At some points, the trail was almost a mile wide, and more than one hundred miles of it was desert with no water. Puffs of cotton clung to the sagebrush and cacti along the way and lingered for years after the war.
When the cotton reached Matamoros, it was loaded onto steamboats and/or wagons owned by Mexicans and transported to the mouth of the Rio Grande at the Gulf of Mexico. International ships from Britain, France, and other countries hovered there, sometimes hundreds at a time, waiting to fill their hulls . And the Yankees couldn’t stop them. If a Federal ship fired on a ship of another nationality, it could have been considered an act of war.
By 1863, cotton, which had sold for .10 cents a pound in 1860 sold for as much as $1.89 a pound, and one bale averaged 450 – 500 pounds. In just one week in August, twenty thousand pounds of gunpowder arrived in Brownsville, purchased with proceeds from the sale of cotton.

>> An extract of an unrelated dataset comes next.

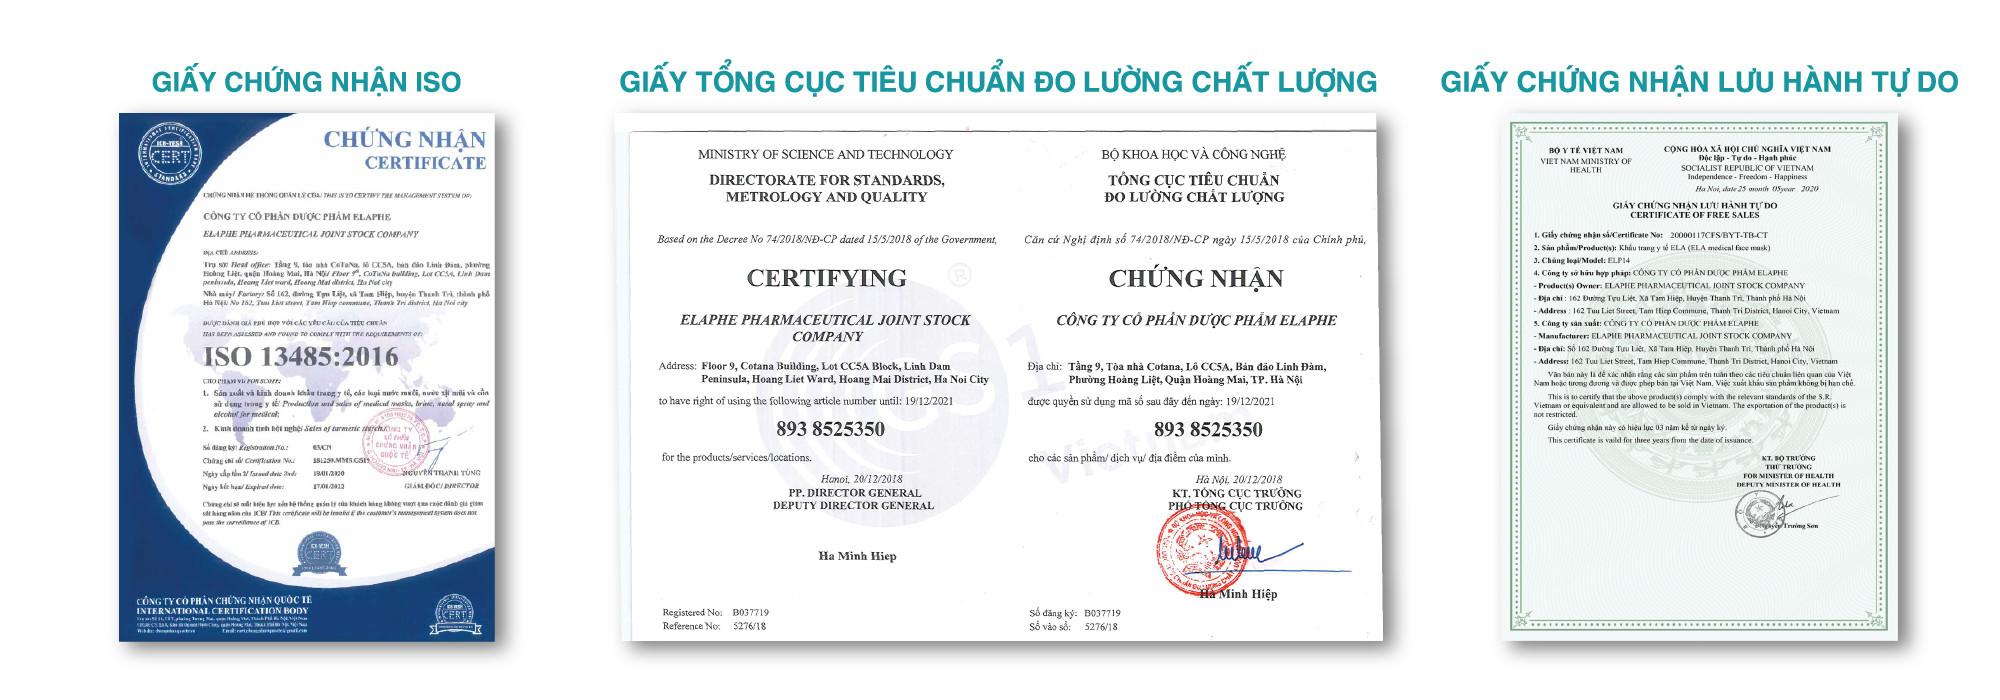 giấy chứng nhận elaphe

That’s why the Federal Army invaded Brownsville in early November 1863. Their mission was to stop or at least seriously hinder the cotton trade. The Yankees reached the city without resistance. However, they found a meager one hundred and fifty bales of cotton on the Texas side of the river and could only gaze at the more than ten thousand bales stacked along the Mexican wharves. The Rebs had moved or destroyed everything of value.
The invasion lasted for several months and forced the Confederates to find new trails for the cotton shipments, hauling the loads via San Antonio to Eagle Pass and Loredo. Unfortunately, the Yankees only netted a hundred or so bales.
Cotton continued to reign until the war efforts in the East bled the Confederacy dry. But for those few months at the end of 1863, hopes were high, especially amongst the two regiments of Texas cavalry fighting for the Union, soldiers who had left their state to avoid being forced into the Reb army. These men returned with the Federal troops in November 1863 to restore Texas to the Union and wreak havoc on the Cotton Road.
Originally from Tennessee, Sherry loves to take her readers into the past. A romantic at heart, she is an avid student of the Civil War and the Old West. When she isn't busy writing, she is an English professor working to pass on her love of writing to her students. Sherry is an award-winning writer: 2023 ACFW Genesis finalist, 2021 & 2023 Maggie finalist, and 2022 Crown finalist. She currently resides in Minnesota with her husband of forty years. She has three grown children and three grandchildren.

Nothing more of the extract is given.